> The data:
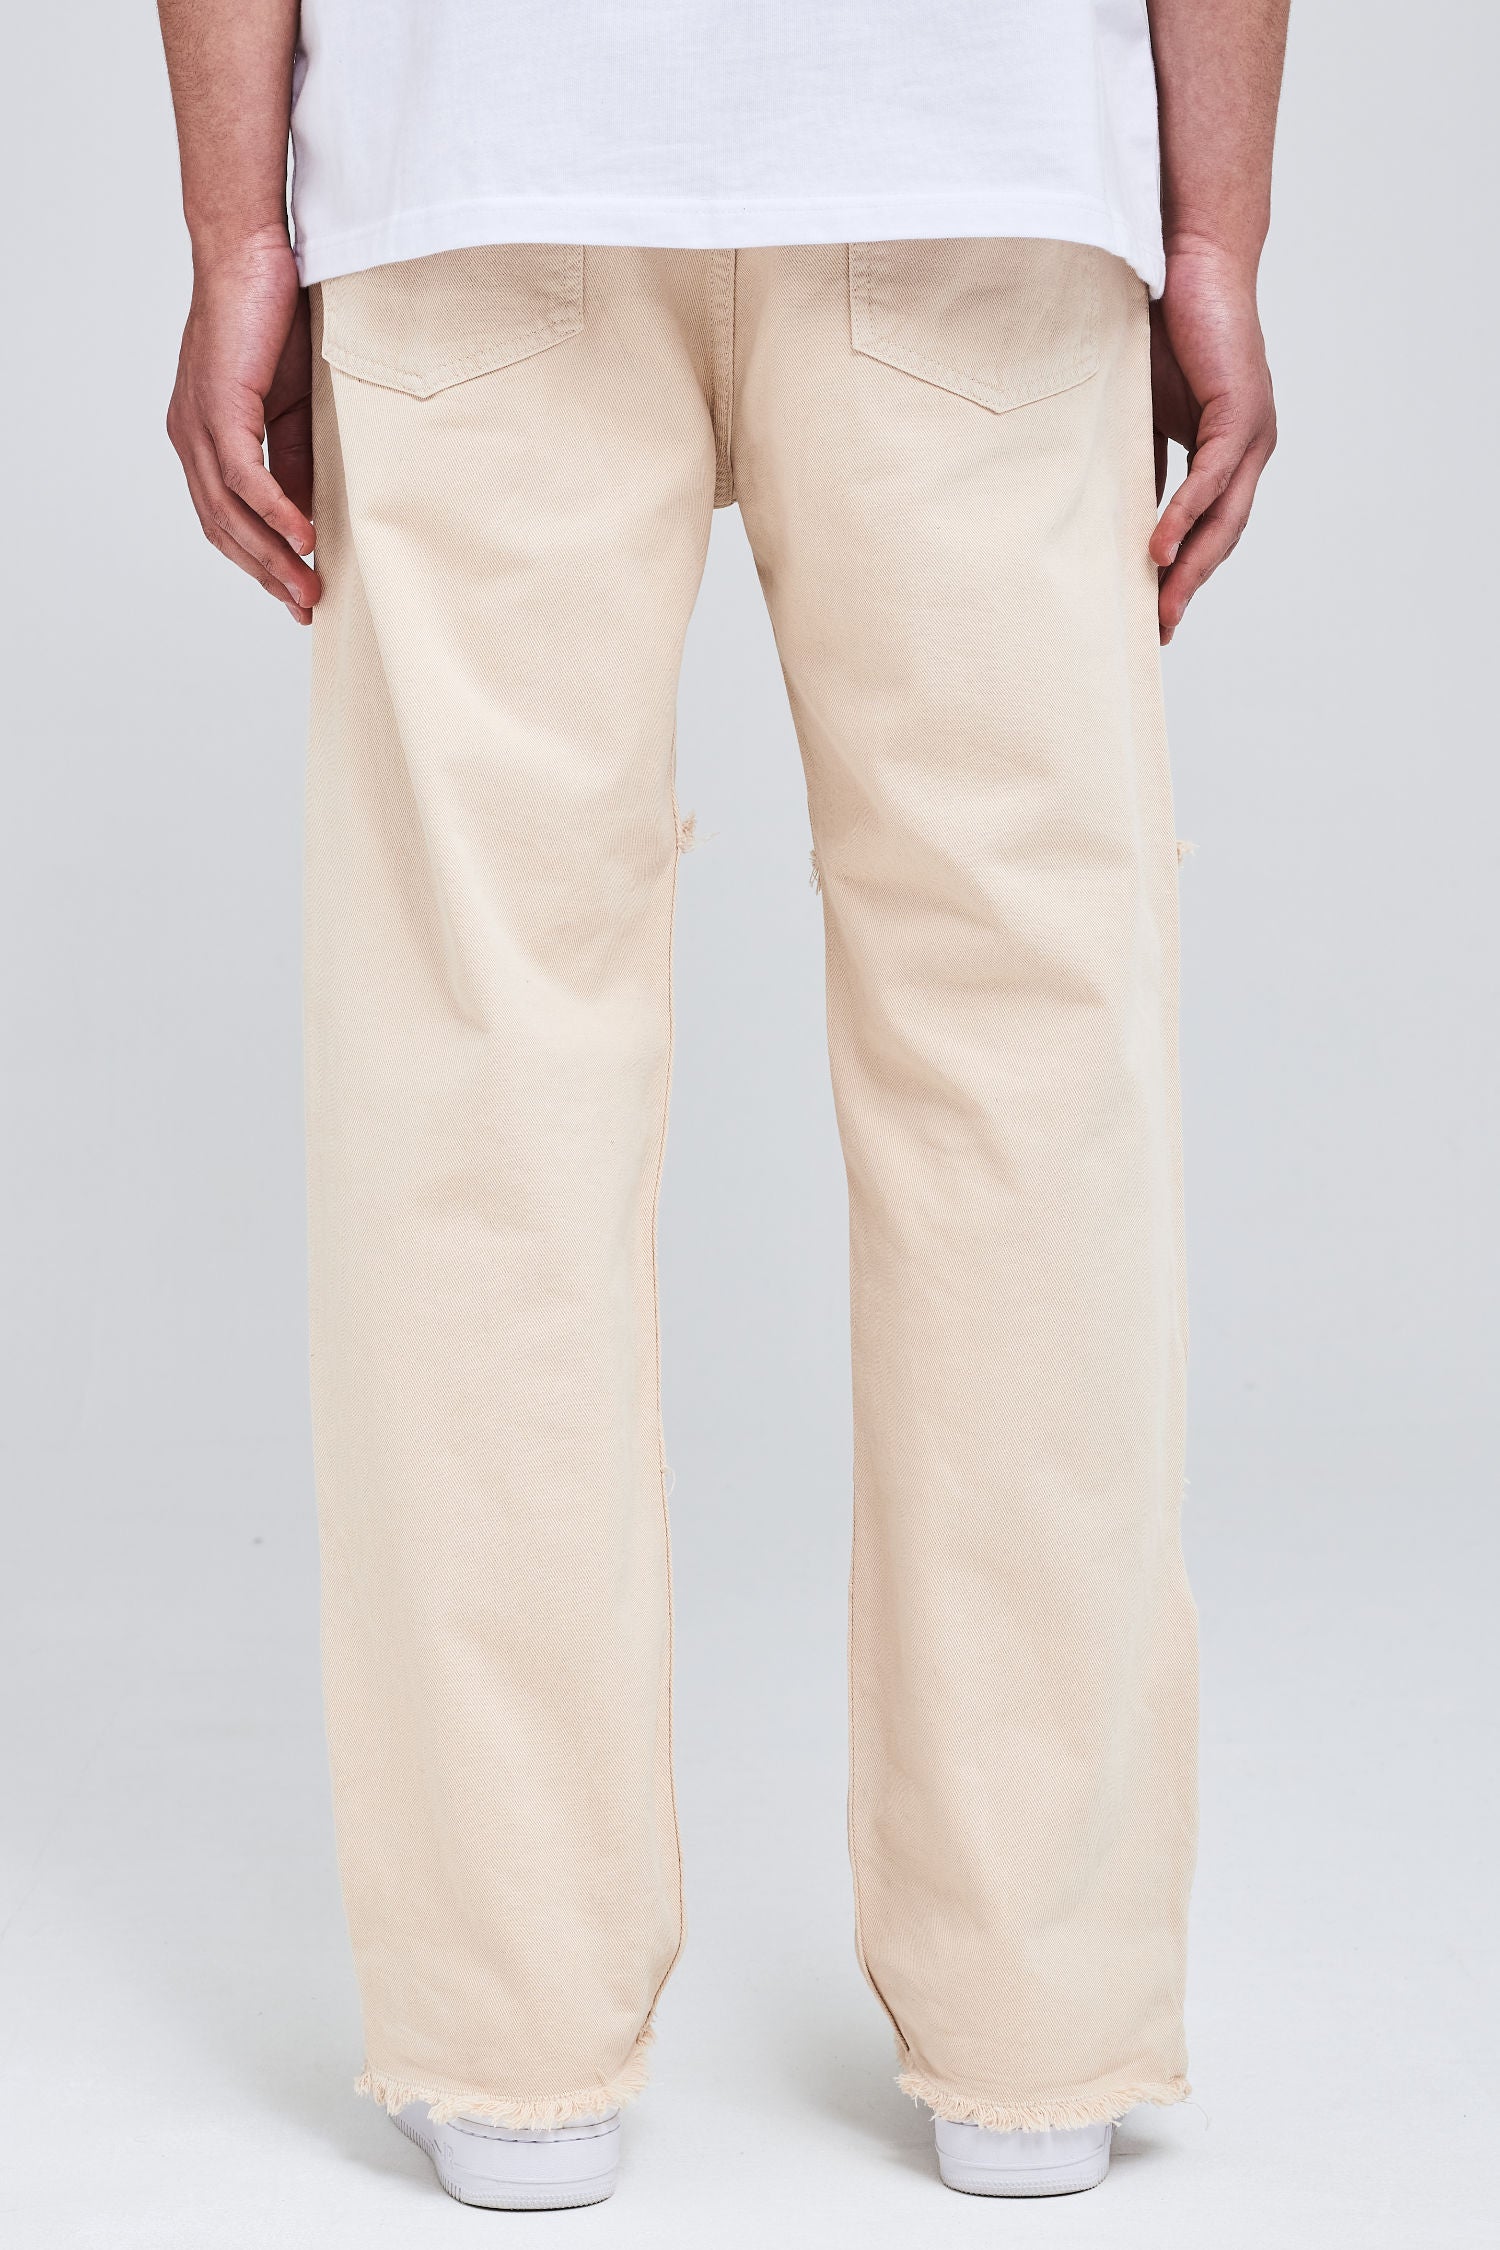 Conway Baggy Jeans Washed Light Cream Jeans | Men Modern Reality Men 
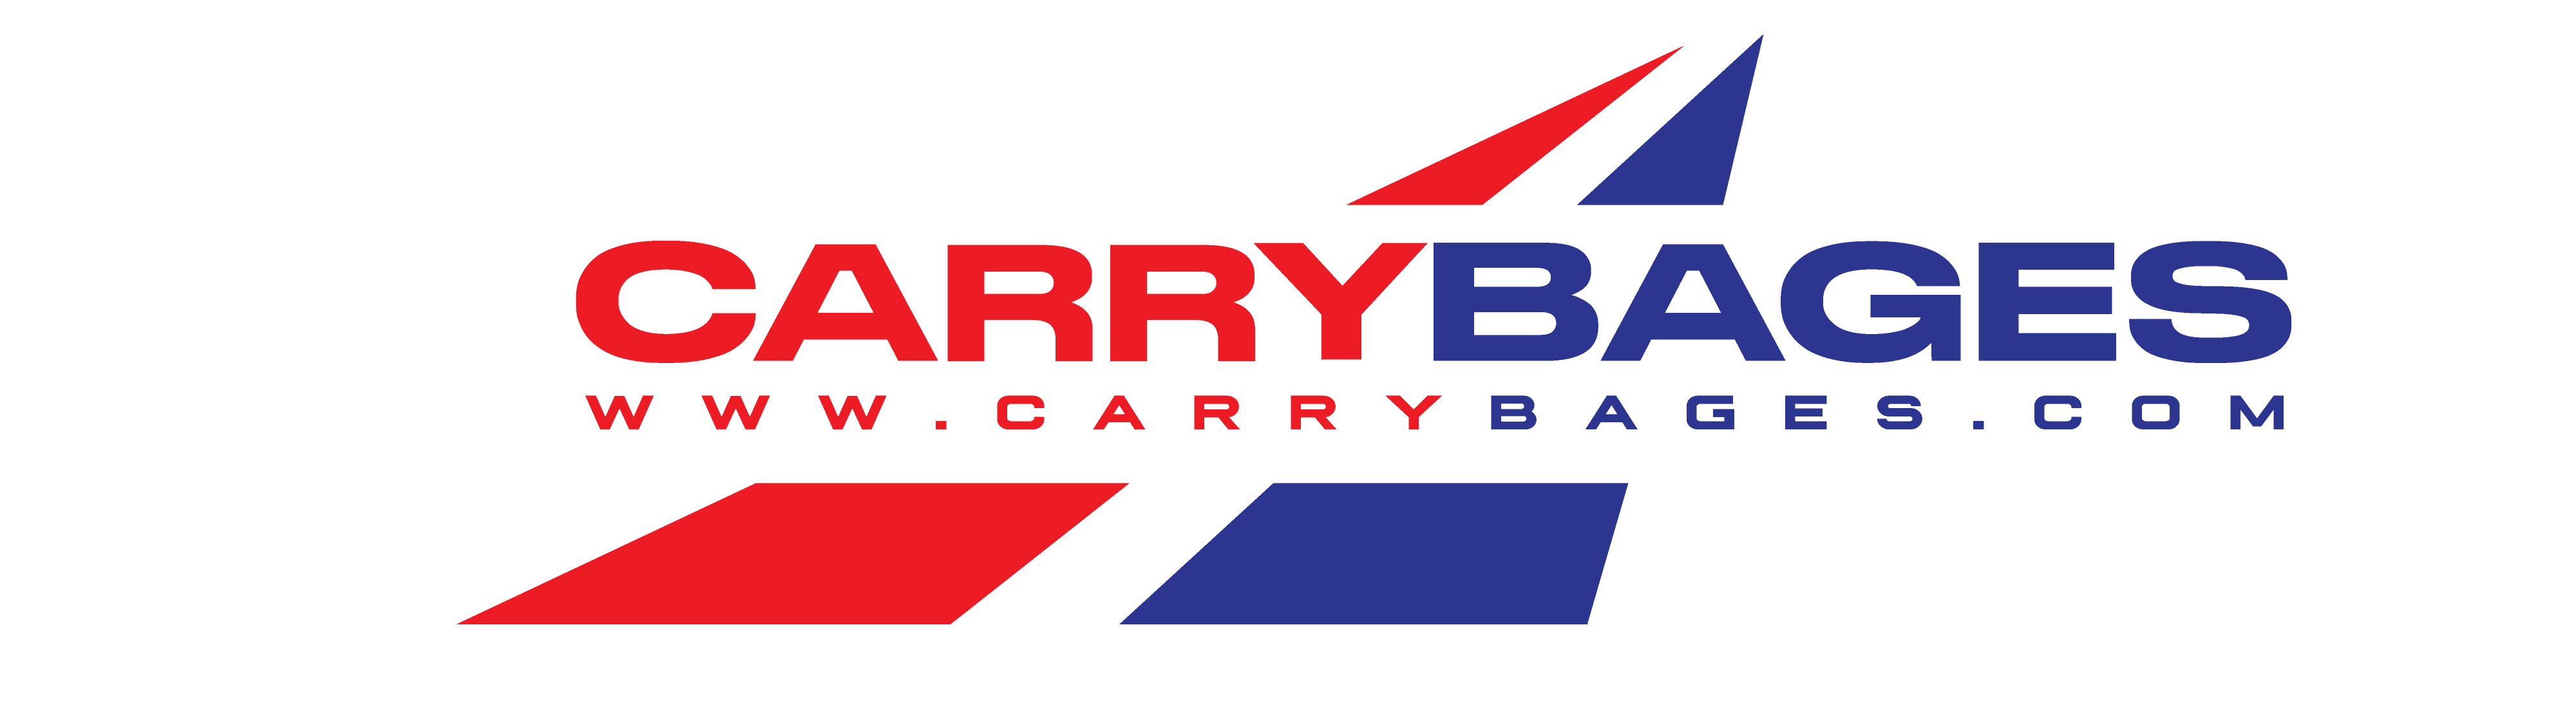 carrybages.com
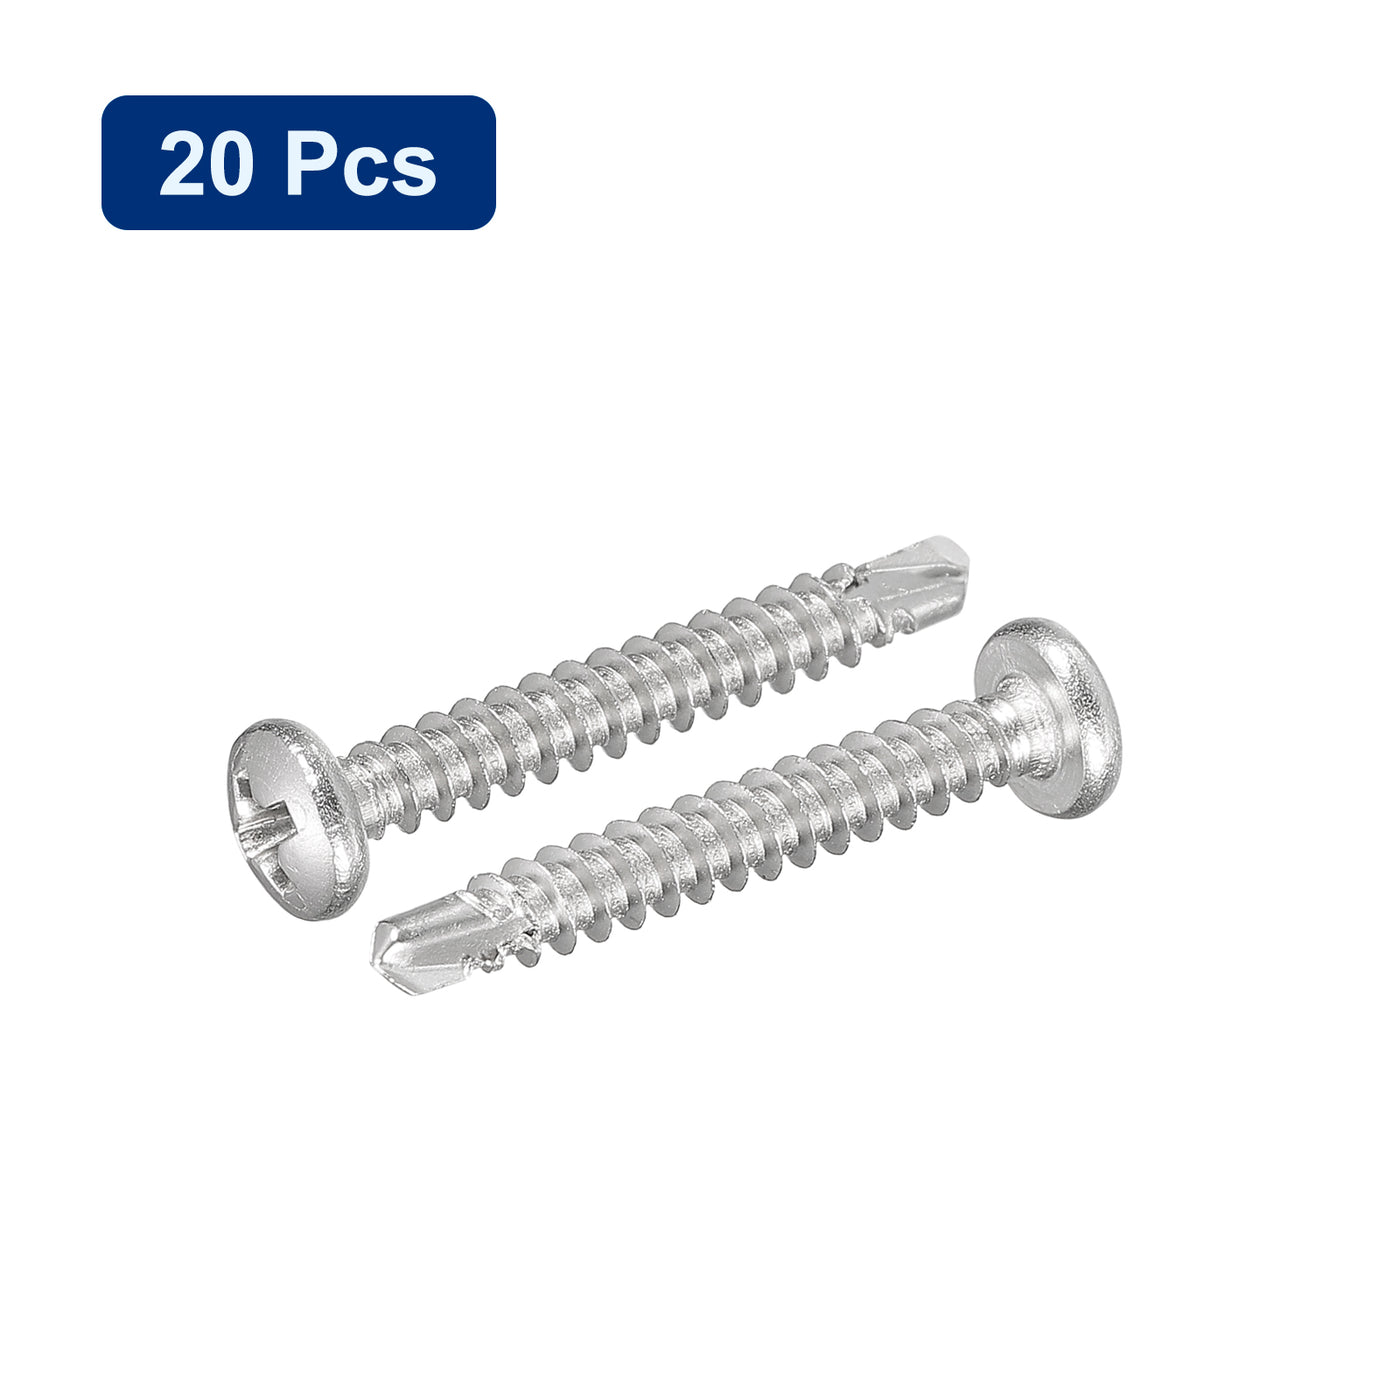 uxcell Uxcell #6 x 1" Self Drilling Screws, 20pcs Phillips Pan Head Self Tapping Screws
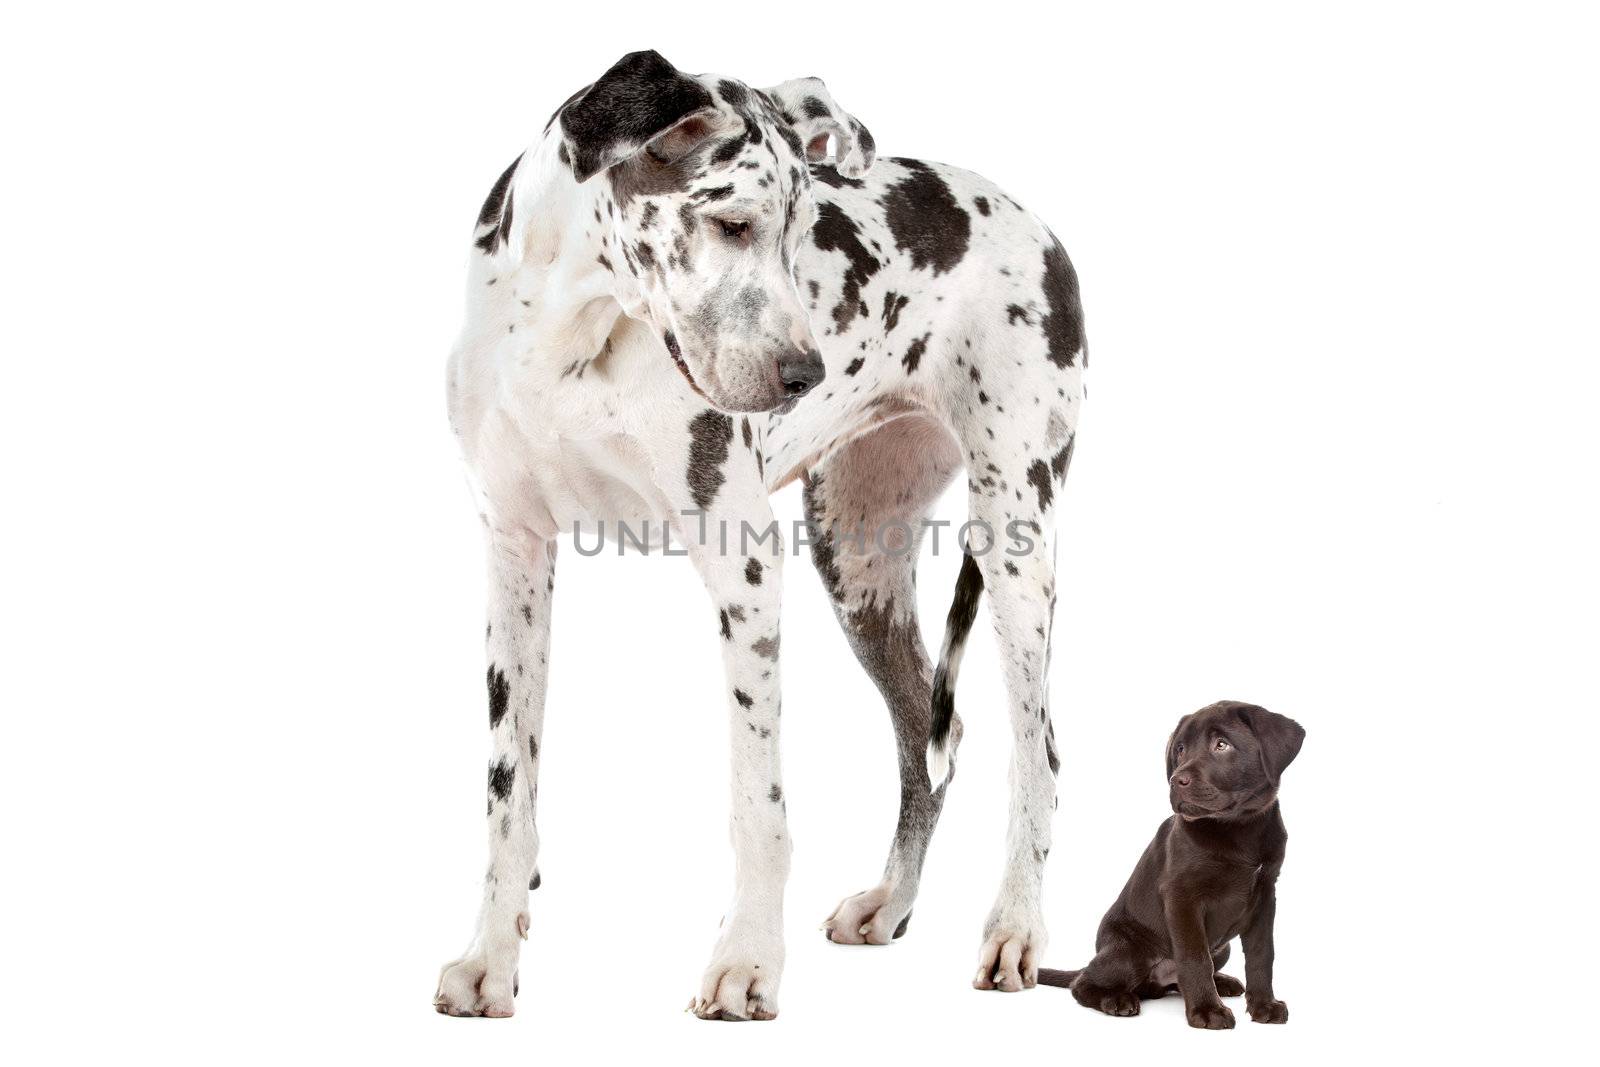 A Great Dane harlequin and a chocolate Labrador puppy in front of a white background

> Required action:
Could you return the whole listing exactly, with every picture removed?

> Response:
 Conway Baggy Jeans Washed Light Cream Jeans | Men Modern Reality Men 
 carrybages.com
 uxcell Uxcell #6 x 1" Self Drilling Screws, 20pcs Phillips Pan Head Self Tapping Screws
 A Great Dane harlequin and a chocolate Labrador puppy in front of a white background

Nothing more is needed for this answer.